Paman Hijas Ashar makin heran mengamati tingkah laku Komala Shakti. Kemudian ia bergumam: “Mungkinkah anak muda ini gila?”.
Saat itu hari makin sore. Akhirnya matahari mulai masuk ufuk Barat. Dan sampailah mereka di rumah Hijas Ashar. Pada saat masuk rumah perasaan Hijas Ashar masih tetap resah. Kepalanya pusing memikirkan tingkah laku tamunya.
Ketika hari mulai gelap, mereka duduk-duduk di balai-balai dalam rumah. Dang Seri Fatonah melihat ayahnya datang. Disamping itu ia juga melihat seorang pemuda yang tampan duduk dekat ayahnya. Kemudian ia kembali masuk kamar untuk memberi tahu ibunya.
“Bu… Bu… Lihat itu, Bu! Siapakah pemuda itu?” seru Dang Seri Fatonah sambil menghampiri ibunya.
Dengan serta merta Bu Mita berdiri dan menengoknya. Kemudian ia menghampiri suaminya yang sedang duduk dengan seorang pemuda tampan. “Ah, ada tamu. Sudah lama nak?” tegur Bu Mita sopan. Kemudian ia duduk menghadap tamunya dan berdampingan dengan suaminya.

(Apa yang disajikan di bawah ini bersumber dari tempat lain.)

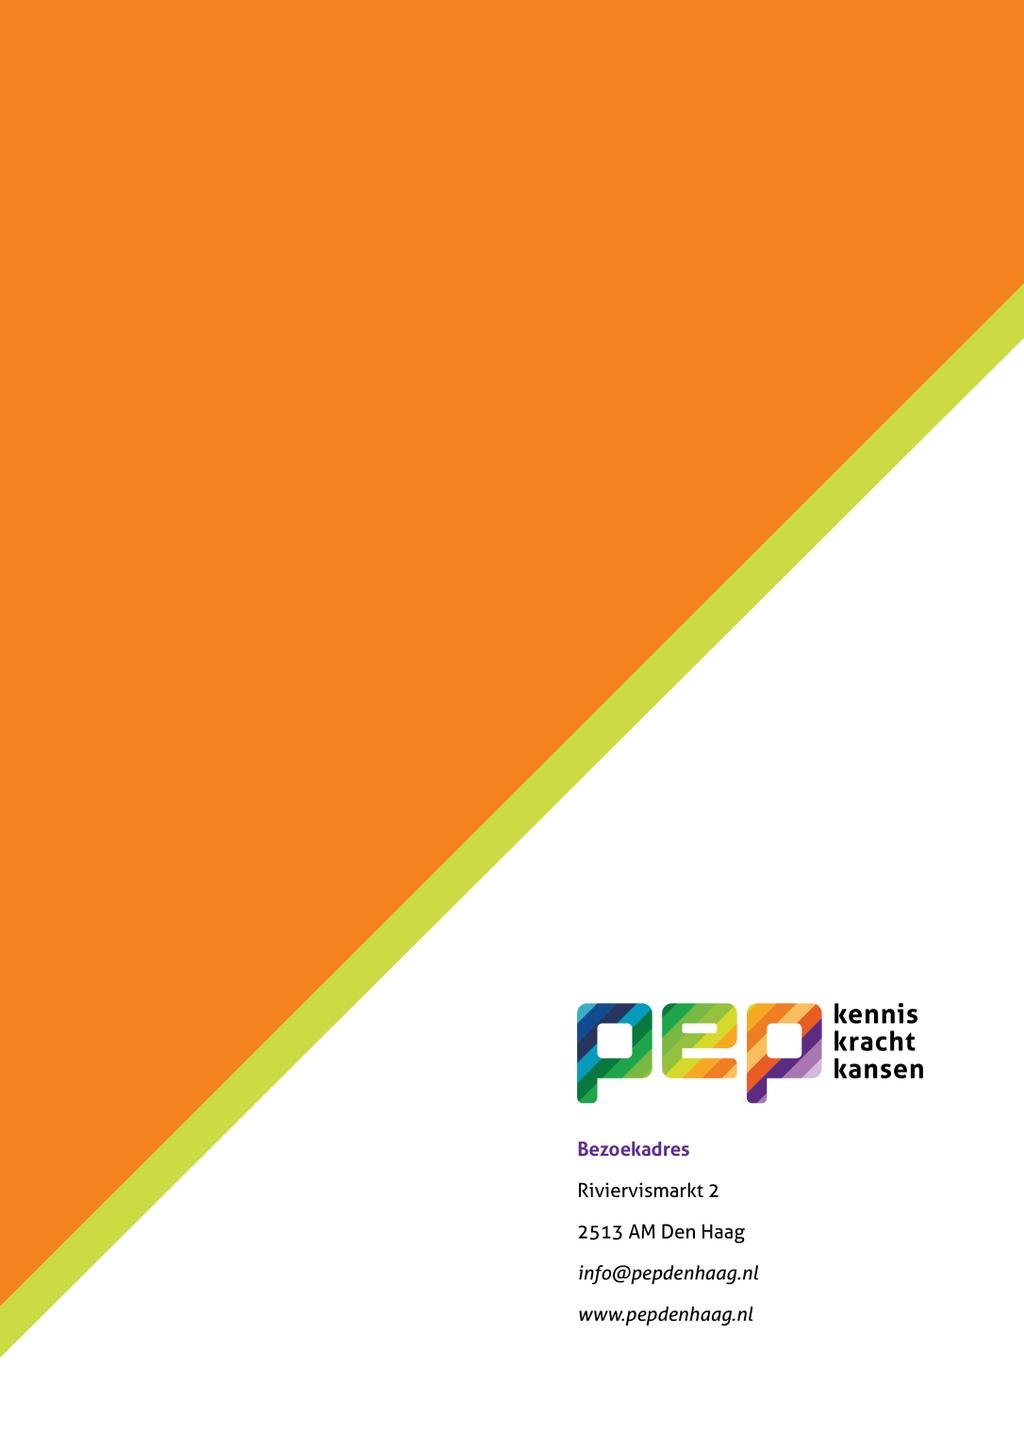 PEP in het kort PEP staat voor Participatie Emancipatie Professionals en is het kenniscentrum voor maatschappelijke organisaties in Den Haag. PEP doet onderzoek, verbindt, adviseert en traint.

“Benar, Bu!” sahut Komala Shakti sopan.
“Kenalkan, nak. Saya isteri pak Hijas Ashar.”
“Baik, Bu. Saya Komala Shakti.”
“Dari mana asalmu anak?”
“Jauh, Bu. Saya dari negeri Syahiful Dasa. Oleh karena hari sudah malam, maka saya minta tolong untuk bermalam di sini.”
“Baik, nak. Di sinipun longgar tempatnya. Bolehlah anak bermalam untuk beberapa malam.”
“Terima kasih, Bu!” sahut Komala Shakti sopan. Kemudian ia menyerahkan bekal pada Bu Mita, agar berasnya ditanakkan.
“Bu tolonglah saya. Beras bekal saya ini mohon ditanak. Tiap saya bermalam, beras inilah yang biasa saya makan,” Komala Shakti berkata sangat halus. Kemudian kantong beras itu diterima oleh Bu Mita dan langsung diberikan pada Dang Seri Fatonah untuk ditanak.
Beras itu lalu dituang di atas nyiru. Ketika dilihatnya beras itu bercampur dengan bermacam-macam barang, maka lalu disaringnya hati-hati sekali. Dipisahkannya antara beras dengan kelapa, gula, ikan, kacang dan rempah. Satu demi satu dikumpulkan dengan tabah dan rajin.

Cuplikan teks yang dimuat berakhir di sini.